| "NO MATTER HOW POOR you may be, how humble your lot, look up. Don’t be afraid to aim too high. Keep your eye fixed upon your star. Let others ridicule, if they will, but do not let them induce you to relax the focus of your gaze. It is this setting the eye on a single star that has distinguished the great men and women of every age.
Before a man can enter the race and be admitted to the success track, he must first of all have a definite purpose, a high unwavering aim, and he must have the courage, grit and determination to cling to it no matter what stands in the way or opposes him. This is an necessary to a successful, complete life as the character of Hamlet is to Shakespeare’s great play.
One of the saddest things in life is to see men and women with a faded out ambition, a lost life aim; men and women who started out with bright prospects, but who have allowed their ideals to become dim and blurred, their standards to drop, their ambition to sag, the fires of their energy to burn out and their enthusiasm to cool down gradually under the inexorable routine of the daily round.
While all human achievement has its root in man’s climbing instinct, there is no quality which requires more watching, guarding, cultivating, than ambition.

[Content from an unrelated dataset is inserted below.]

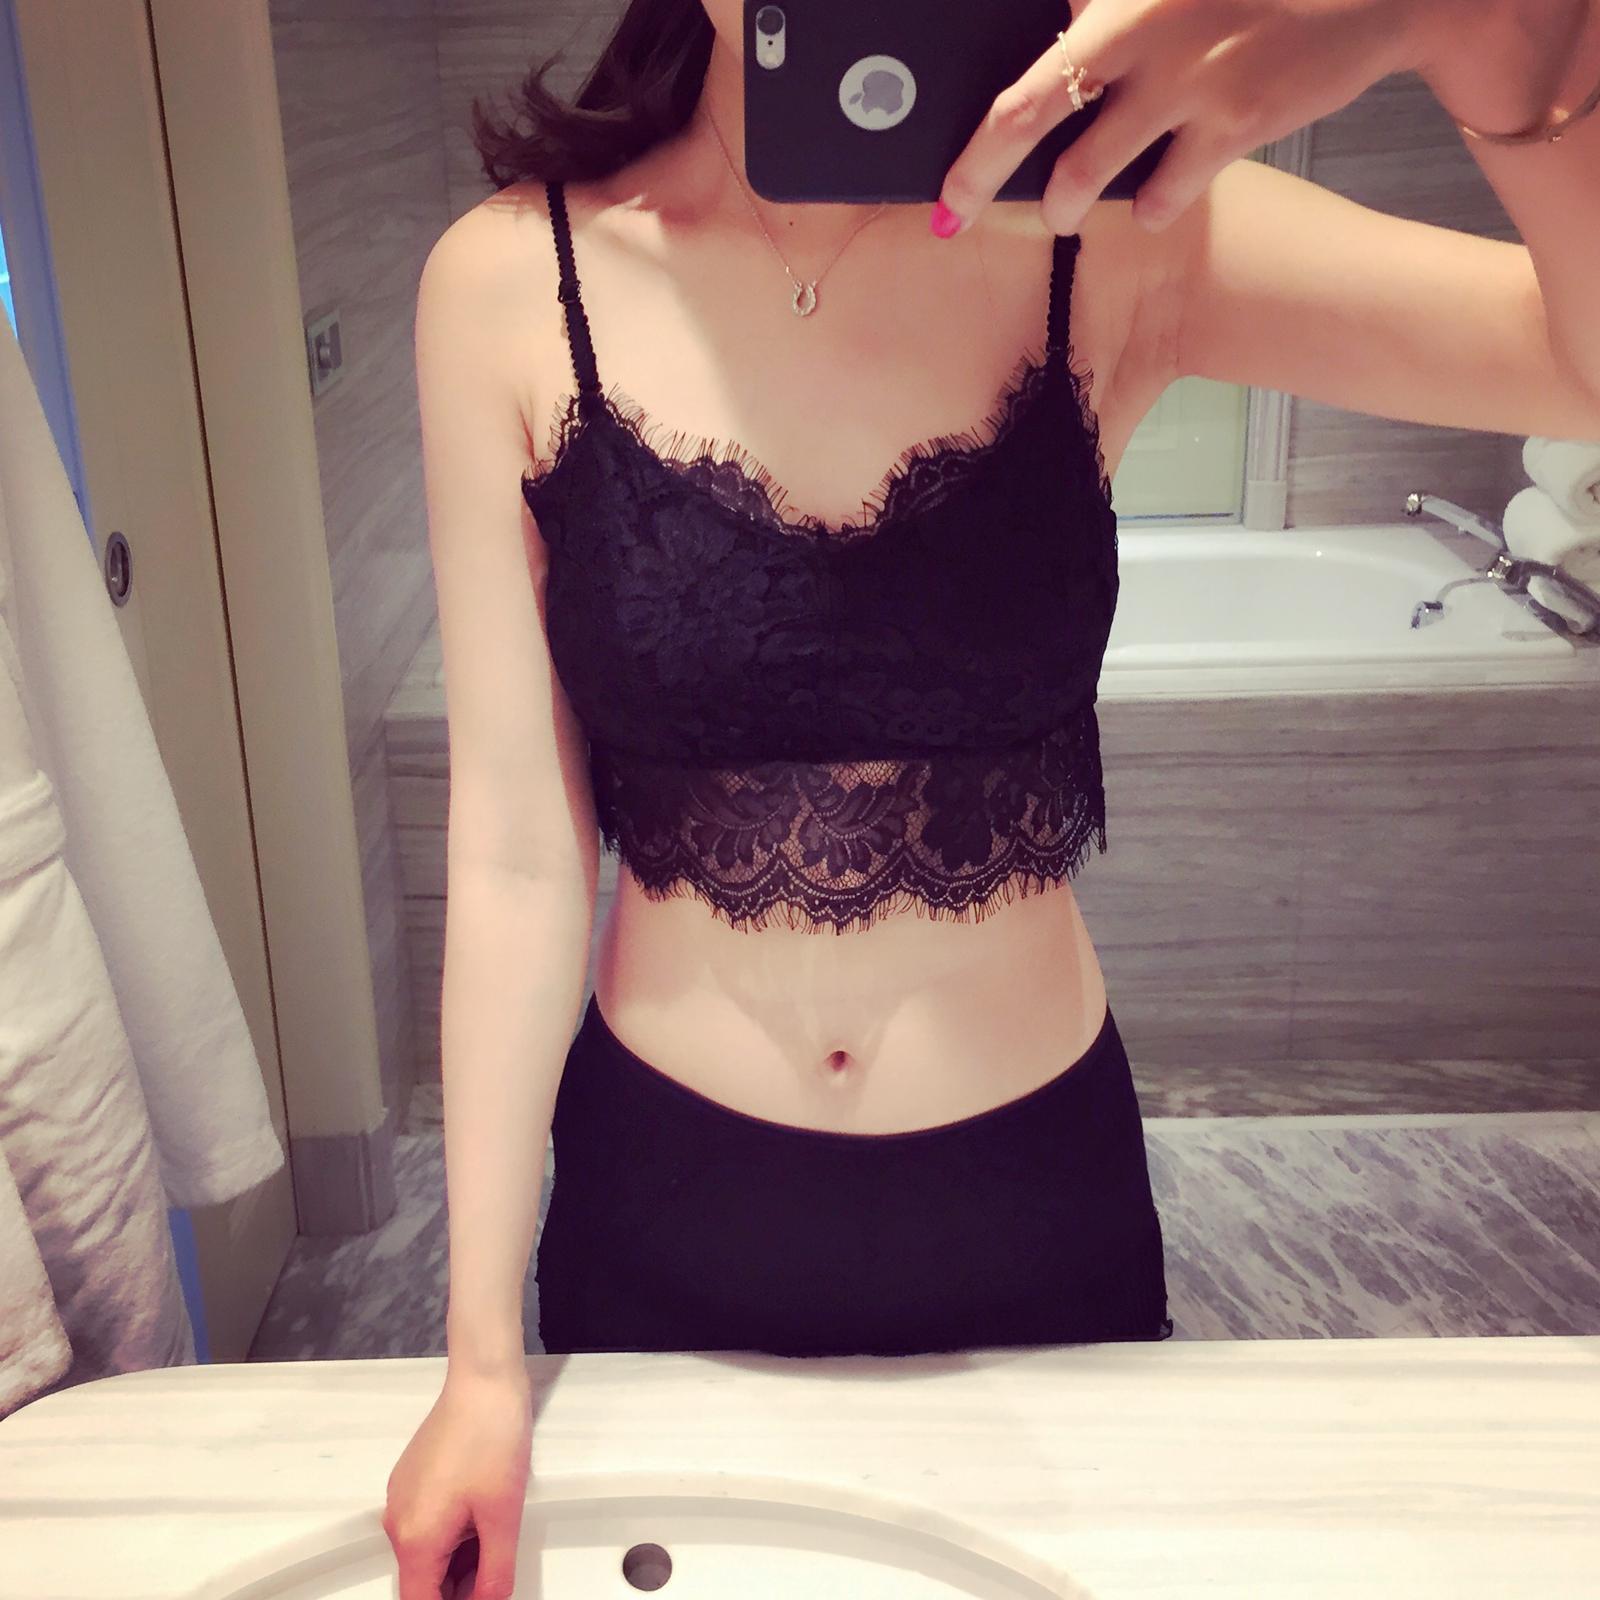 2019春夏季女睫毛蕾丝吊带衫防走光抹胸裹胸 肩带可调节黑色白色

It will no live and keep growing if it is not nourished; and the moment a man begins to disregard it he begins to go downhill. His energy wanes; he gradually deteriorates in his personal appearance, in his conduct. As someone once said, ‘A man without ambition is a derelict, dangerous to others and of no value to himself.’
The only way to climb is to keep your eye fixed on your star. Visualize the thing you want to be; keep it in your mind constantly and work for it with all your might.
Carlyle said: ‘Blessed is he who has found his work, let him ask no other blessedness. He has his work – a life purpose; he has found it and will follow it.’ If you have found your life work, the thing you are best fitted to do, and put all your energy into the doing of it; if you permit not temptation to dim your ambition, no obstacle to dampen your enthusiasm or turn you from your purpose, nothing can keep you from success."